Task objective: From the line containing "Wartmann 1507 (1300W)" down to the last line of the entries, print each line exactly and leave the pictures out.

Input data:
* * * * * * *

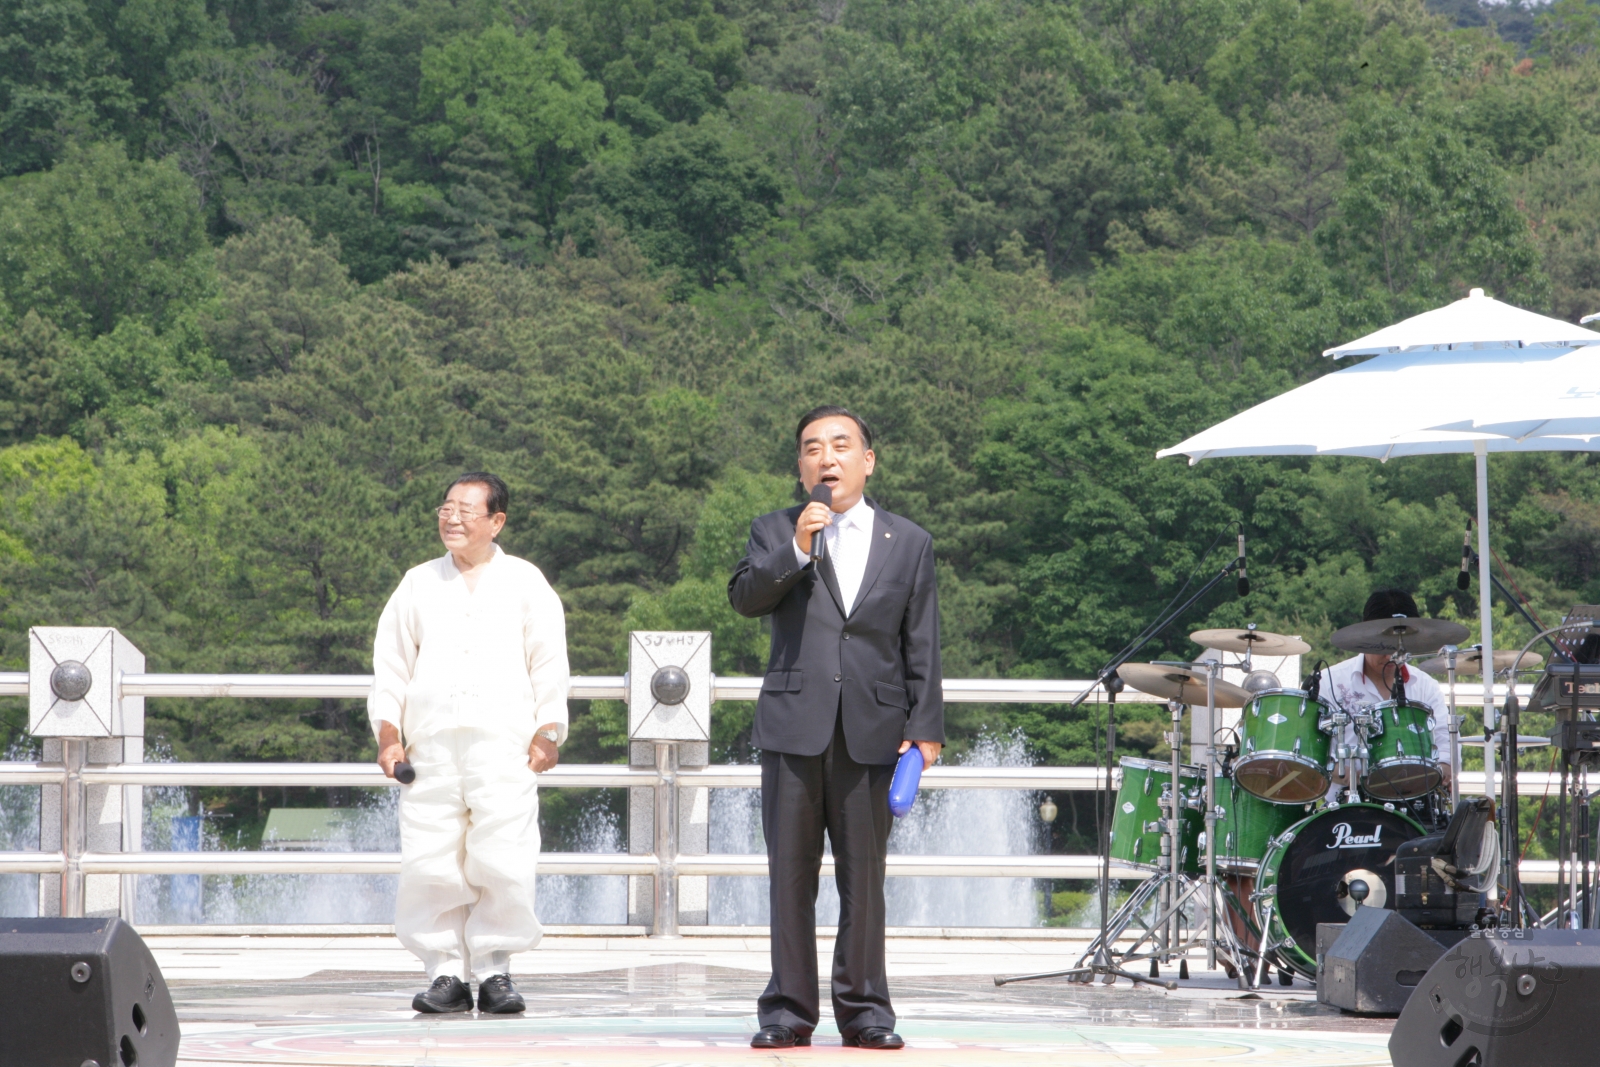 KBS전국노래자랑 울산남구편 의 사진
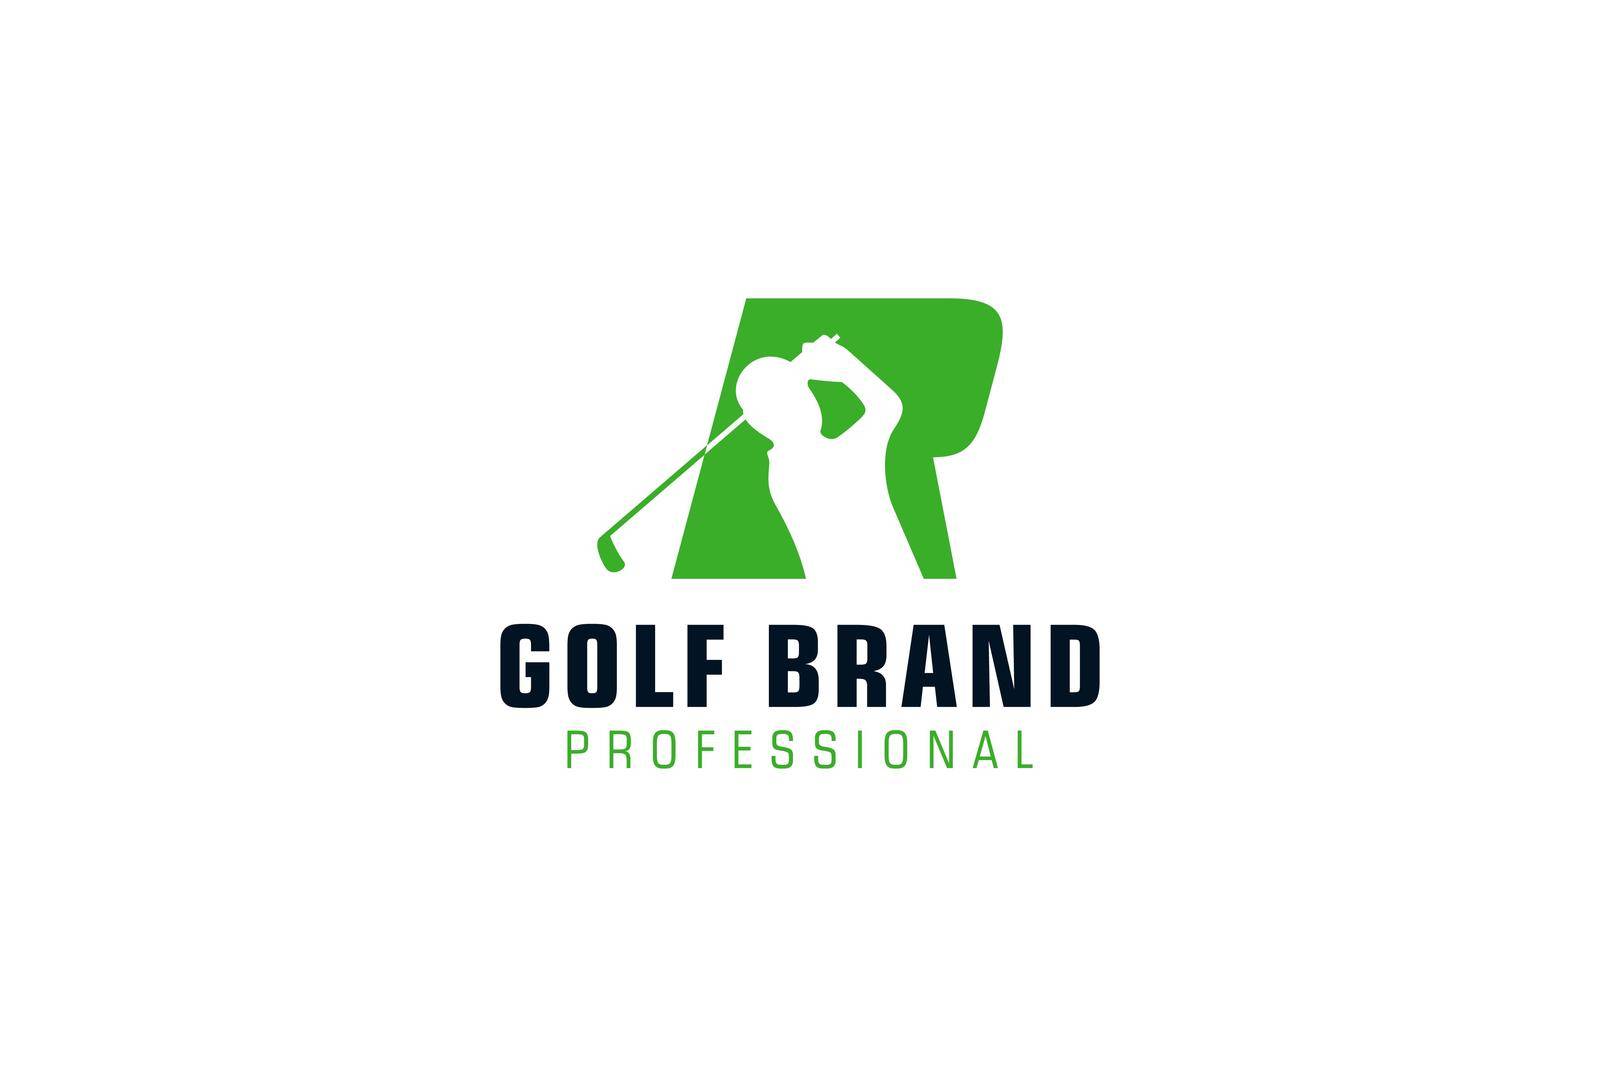 Letter R for Golf logo design vector template, Vector label of golf, Logo of golf championship, illustration, Creative icon, design concept by liaanniesatul
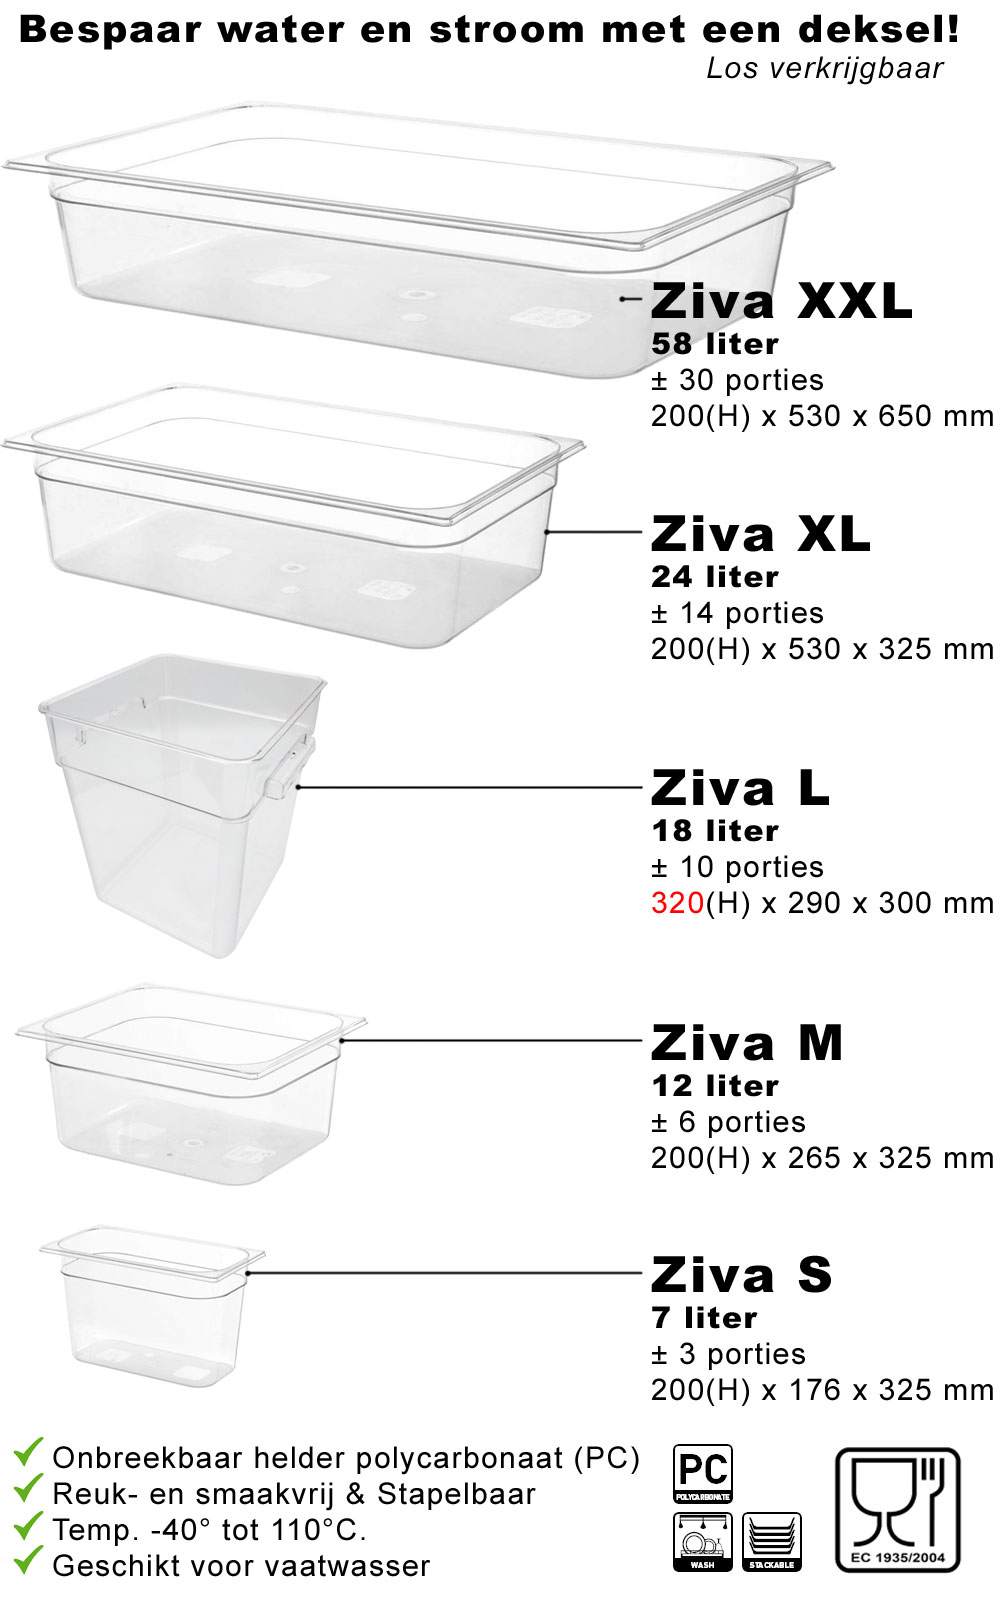 Wartmann 1507 (1300W) + Ziva OneTouch + 12 liter container package
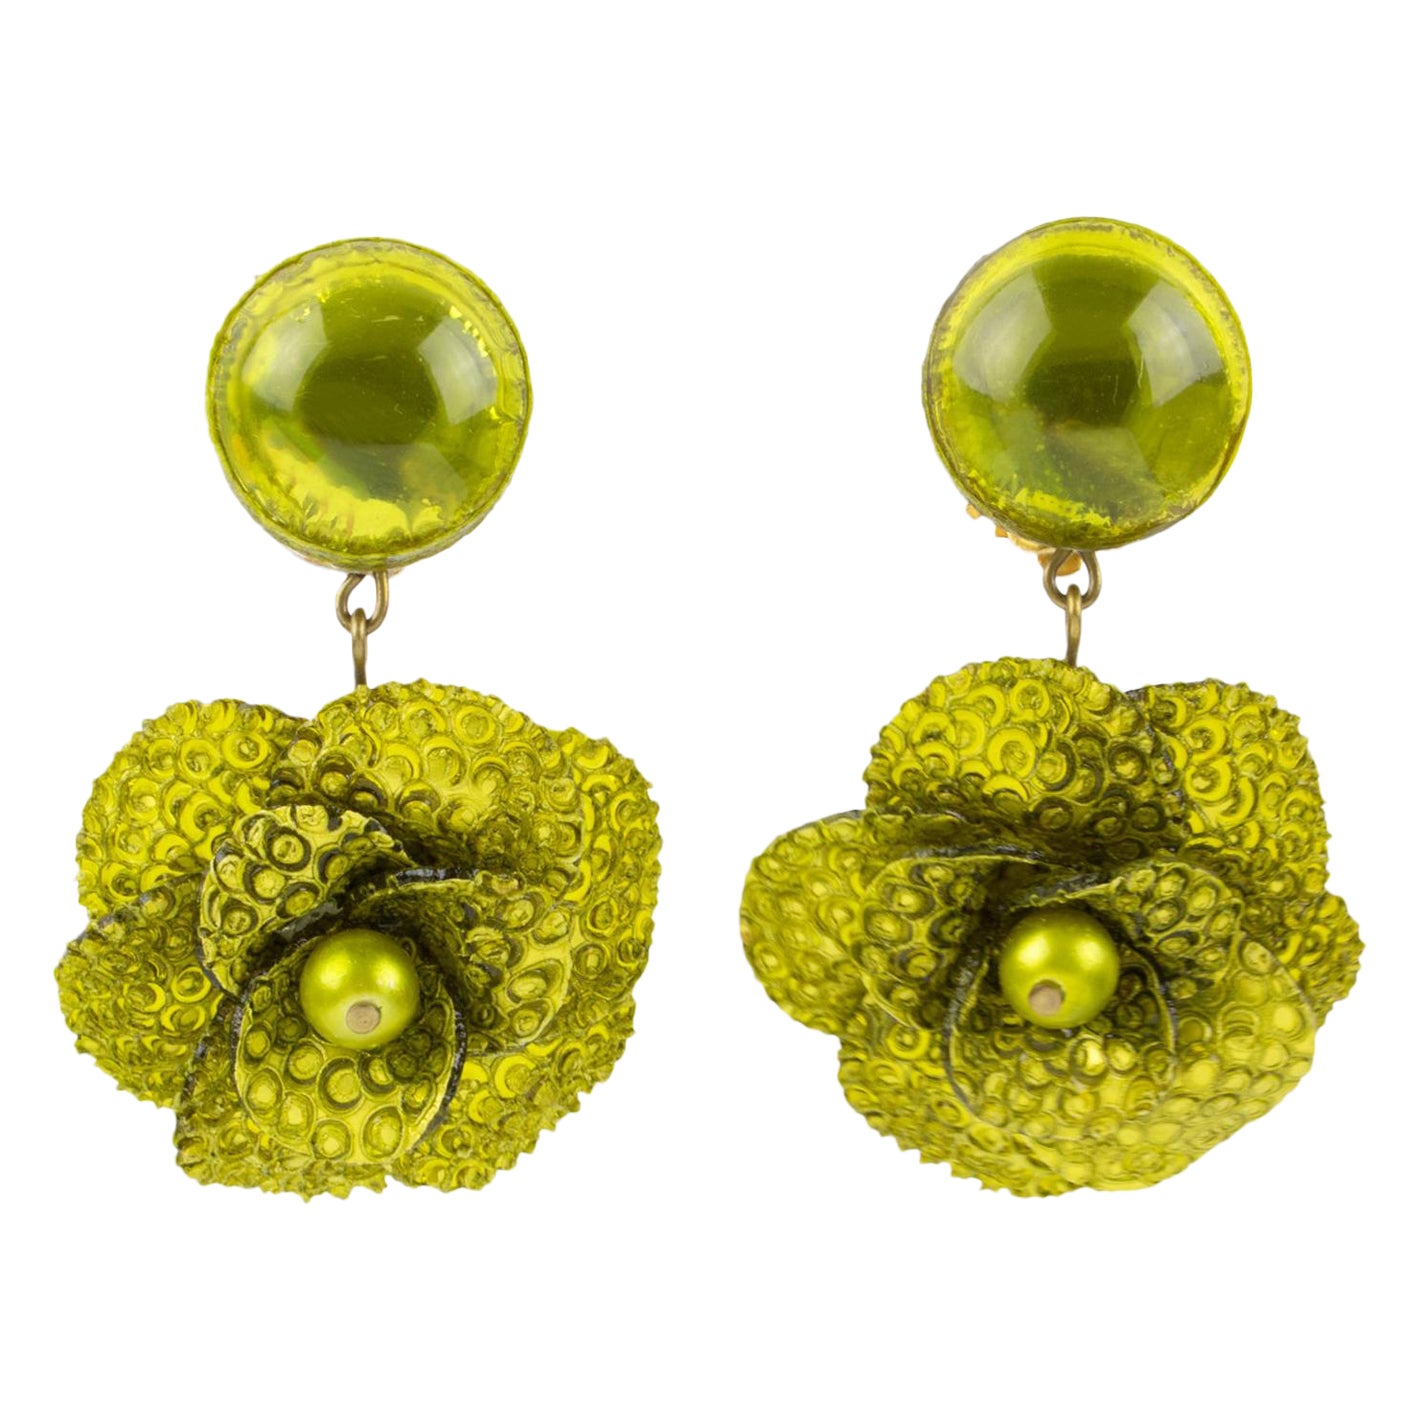 Francoise Montague by Cilea Resin Clip Earrings Green Poppy Flower For Sale
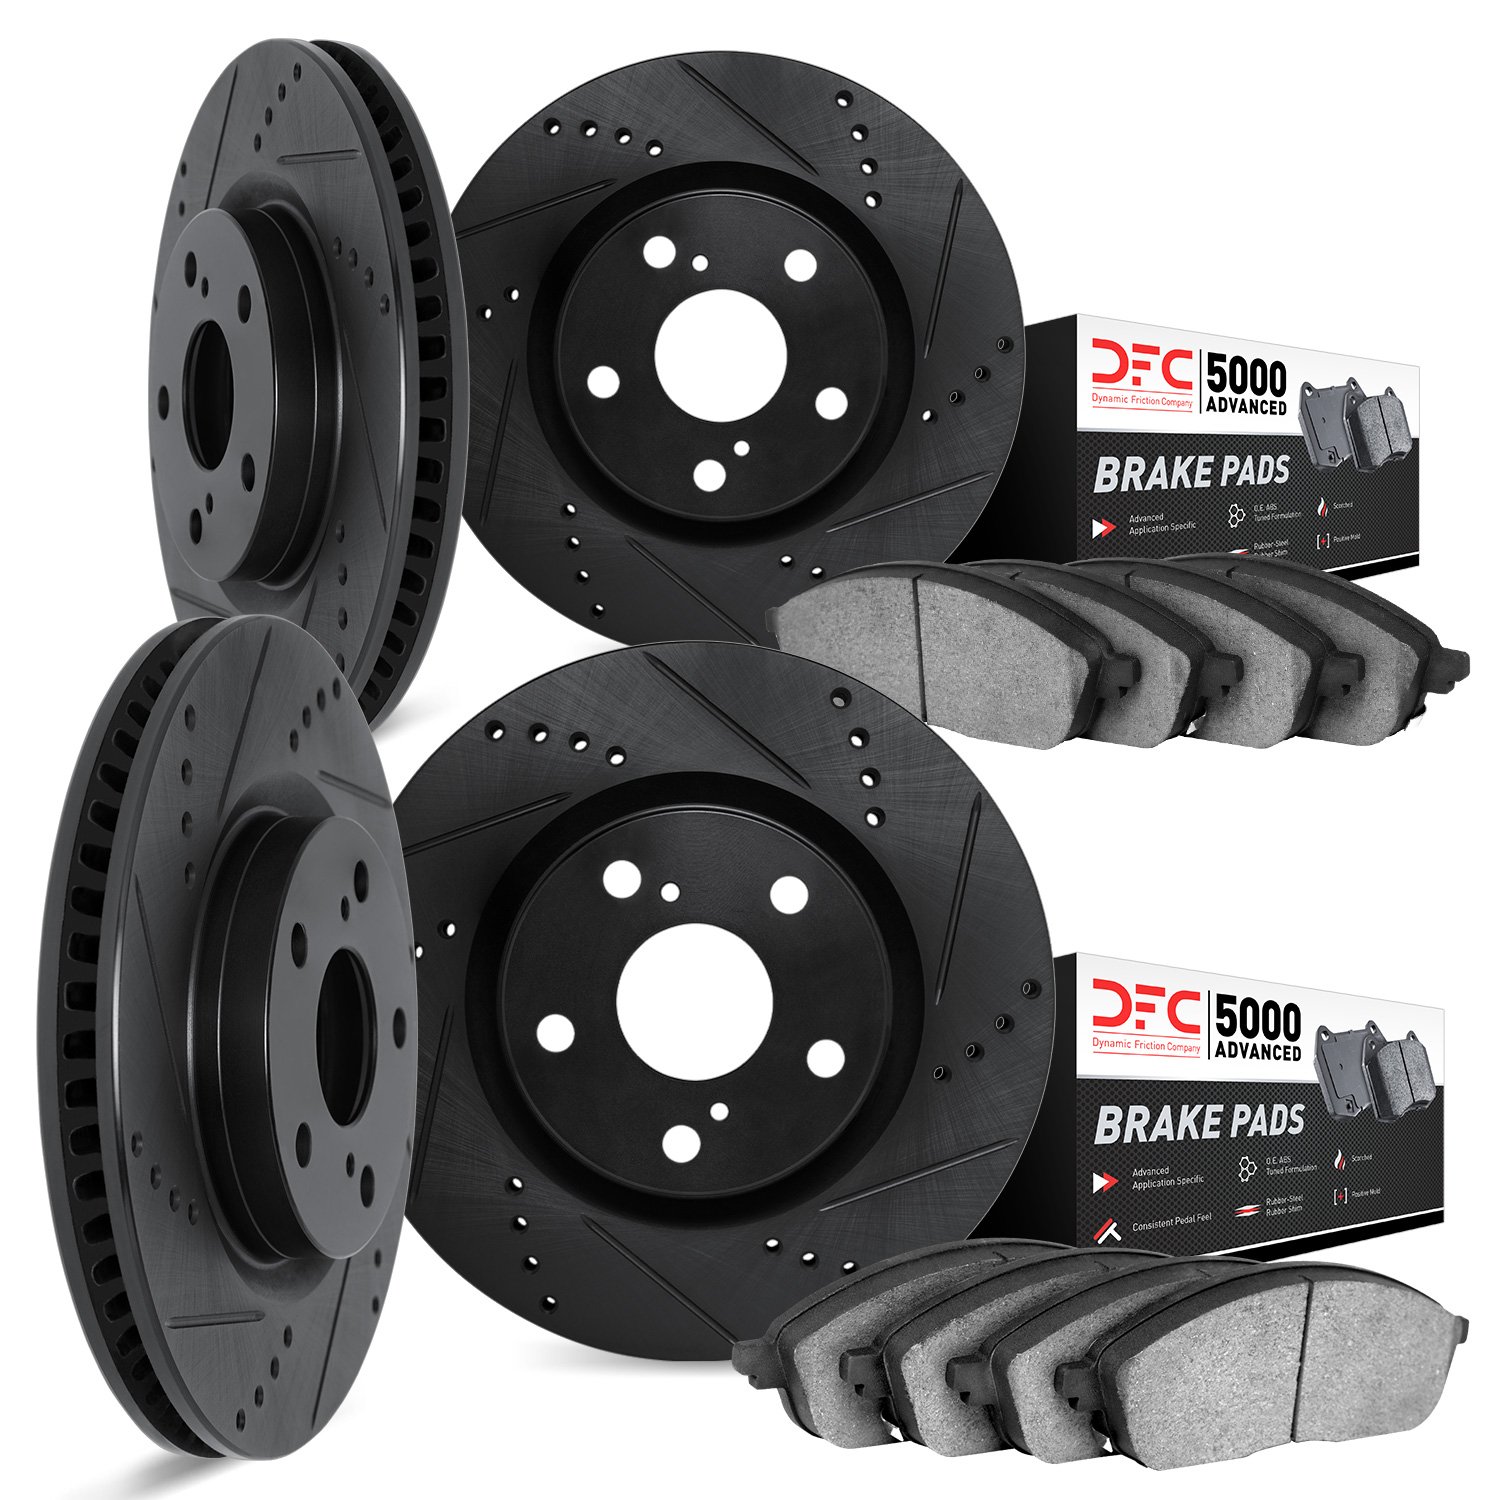 8504-39030 Drilled/Slotted Brake Rotors w/5000 Advanced Brake Pads Kit [Black], 2005-2018 Mopar, Position: Front and Rear

* * * * * * *

Answer to this problem:
 Wartmann 1507 (1300W) + Ziva OneTouch + 12 liter container package
 Francoise Montague by Cilea Resin Clip Earrings Green Poppy Flower For Sale
 8504-39030 Drilled/Slotted Brake Rotors w/5000 Advanced Brake Pads Kit [Black], 2005-2018 Mopar, Position: Front and Rear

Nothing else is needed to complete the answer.